El concepto de valor-trabajo no desaparece en estas teorías, sino que es ampliado desde el paradigma de trabajo social hacia el paradigma más amplio que incluye el consumo, la mercantilización, y, con ello, el fetichismo de la mercancía. La alienación mercantil se suma a la burocrática, que incluye una despolitización de lo social y, en ambas, queda incluida también la necesidad constante del sistema de crear plusvalor, a lo que se supedita tanto el mercado como el Estado. Pero el concepto de valor-trabajo e instrumentalidad o dominación de la naturaleza desde una dimensión práctica no puede extenderse hasta su identificación con una filosofía de la historia y su consecuente concepto que reduce a la sociedad a un sistema unidimensional. La unidimensionalidad no es que no sea dada, sino que en una concepción teórica pura impide la práctica social progresiva y conduce hacia perspectivas de resistencia pasiva o a considerar el diálogo social y la racionalidad comunicativa como panaceas universalistas o actitudes impotentes ante una administración totalitaria. El concepto proviene de un razonamiento que abstrae el proceso de trabajo social alienado y lo proyecta en un modelo de racionalidad objetivante e instrumental, así como de una comprensión negativa del materialismo histórico, es decir, que las condiciones materiales de existencia que establecen la historia humana como procesos y relaciones sociales de producción solo tienen un carácter específicamente de supervivencia, objetivación, dominación y autoalienación, esto es, de instrumentalidad. La dominación de la naturaleza, clave para la producción y la supervivencia, se magnifica de tal manera a lo largo de la historia que el mismo pensamiento, derivado de estas relaciones de dominio, deviene instrumental. El salto cualitativo y cuantitativo de esta teoría crítica de la sociedad es el que corresponde a la dilatación desmesurada y seudometafísica de la crítica marxista de la sociedad capitalista: el proceso de dominio y explotación es expandido a todas las esferas de la vida, de la sociedad y de la racionalidad, excepto algunos rasgos de la estética (mimesis) y de la reflexión como crítica dialéctica negativa, es decir, que la posibilidad de emancipación solo tiene lugar en la teoría con una reducida dimensión práctica; y esta hipóstasis teórico-crítica eleva el proceso instrumental a toda la historia de la civilización.

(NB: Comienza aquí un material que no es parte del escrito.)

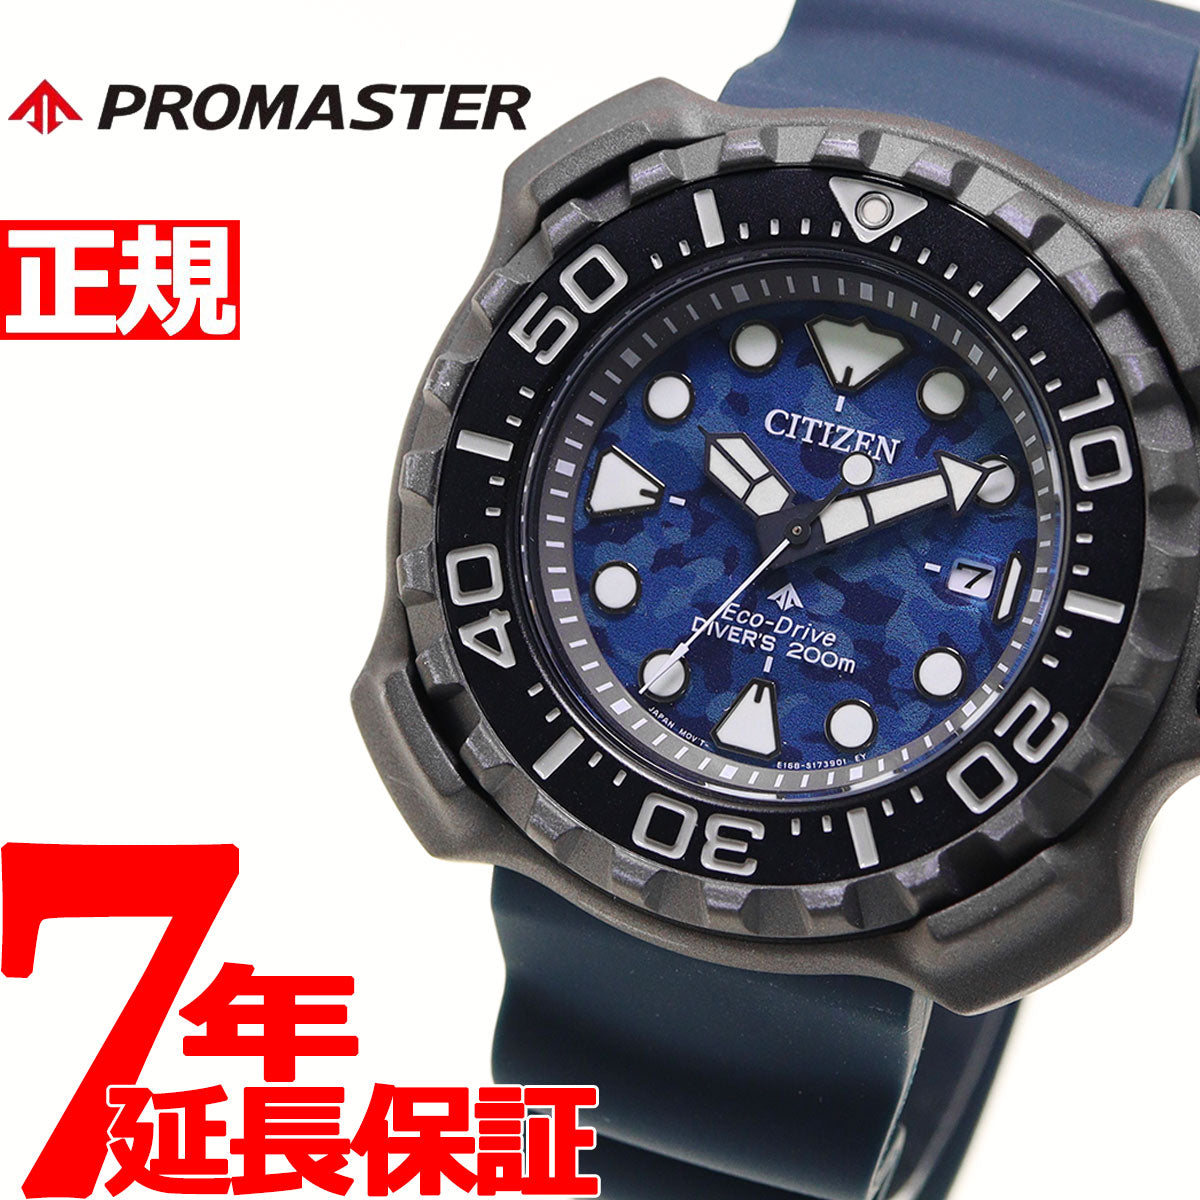 シチズン CITIZEN 腕時計 メンズ BN0227-09L プロマスター エコ・ドライブ マリーンシリーズ ダイバー200m PROMASTER Eco-Drive MARINE エコ・ドライブ（E168/日本製） ブルー/カモフラージュ柄xブルー アナログ表示
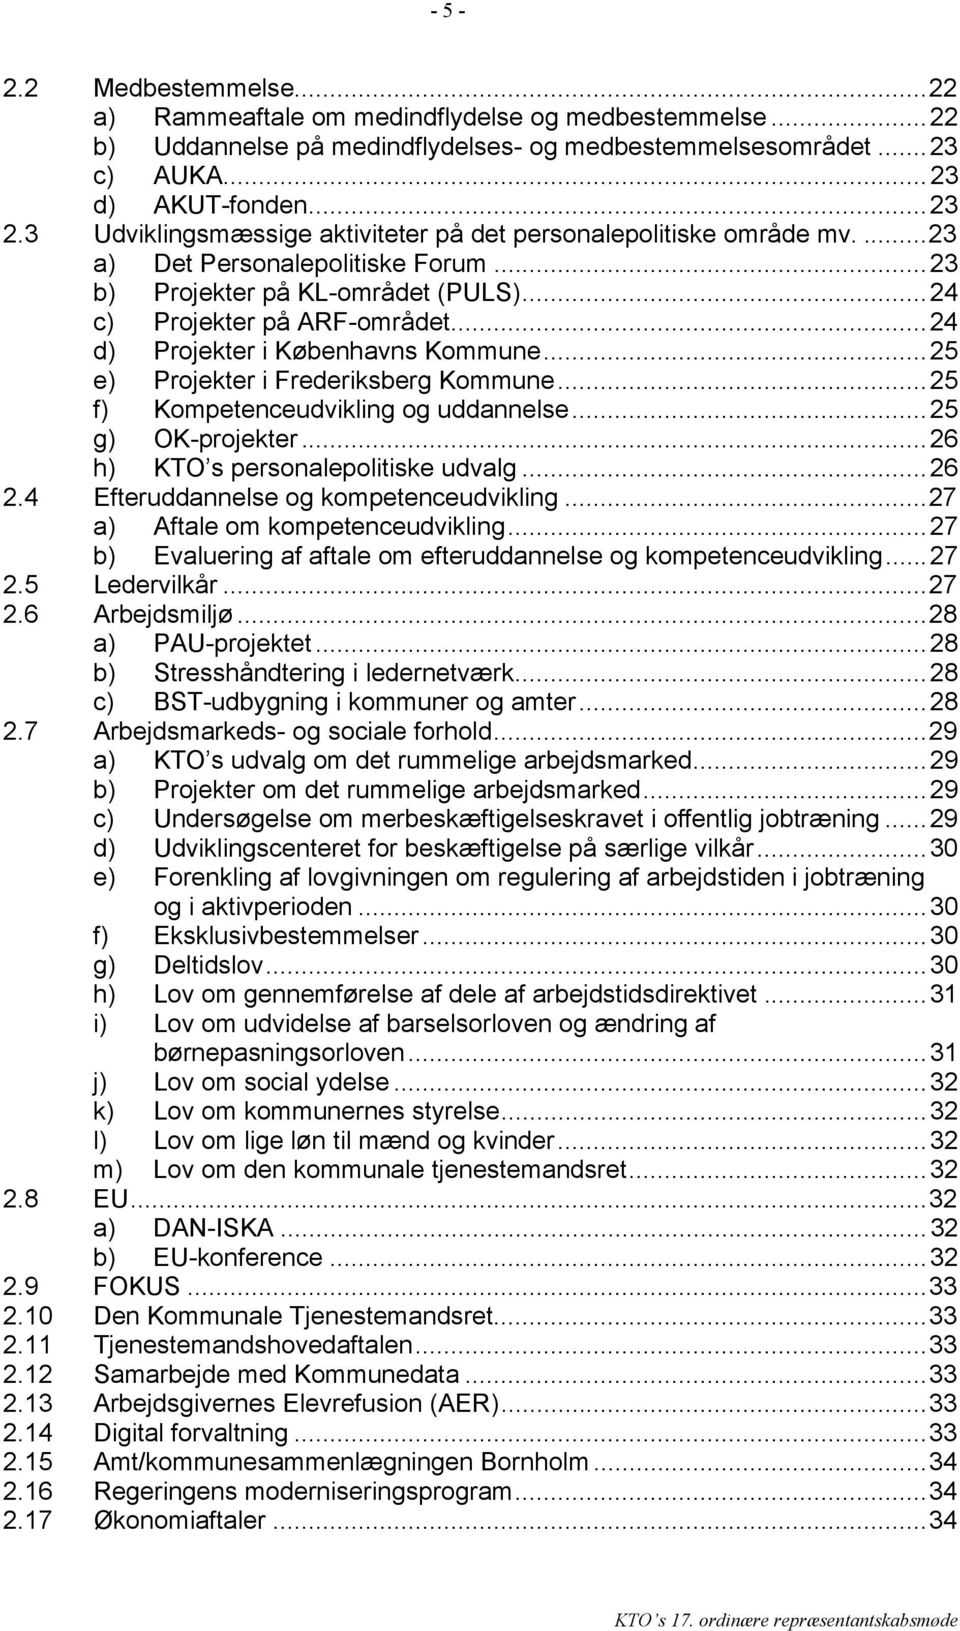 ..24 d) Projekter i Københavns Kommune...25 e) Projekter i Frederiksberg Kommune...25 f) Kompetenceudvikling og uddannelse...25 g) OK-projekter...26 h) KTO s personalepolitiske udvalg...26 2.

La idea de que la ideología capitalista absorbe y somete a los mismos dominadores es la base de esta descripción de una filosofía de la historia de apariencia metafísica que abstrae este concepto de tal forma que se vuelve a encontrar con los rasgos hermenéuticos de una teoría tradicional, en lugar de la dimensión práctica de una teoría crítica. De hecho, Horkheimer dijo en una de sus últimas entrevistas que su pensamiento y el de Adorno era una teodicea.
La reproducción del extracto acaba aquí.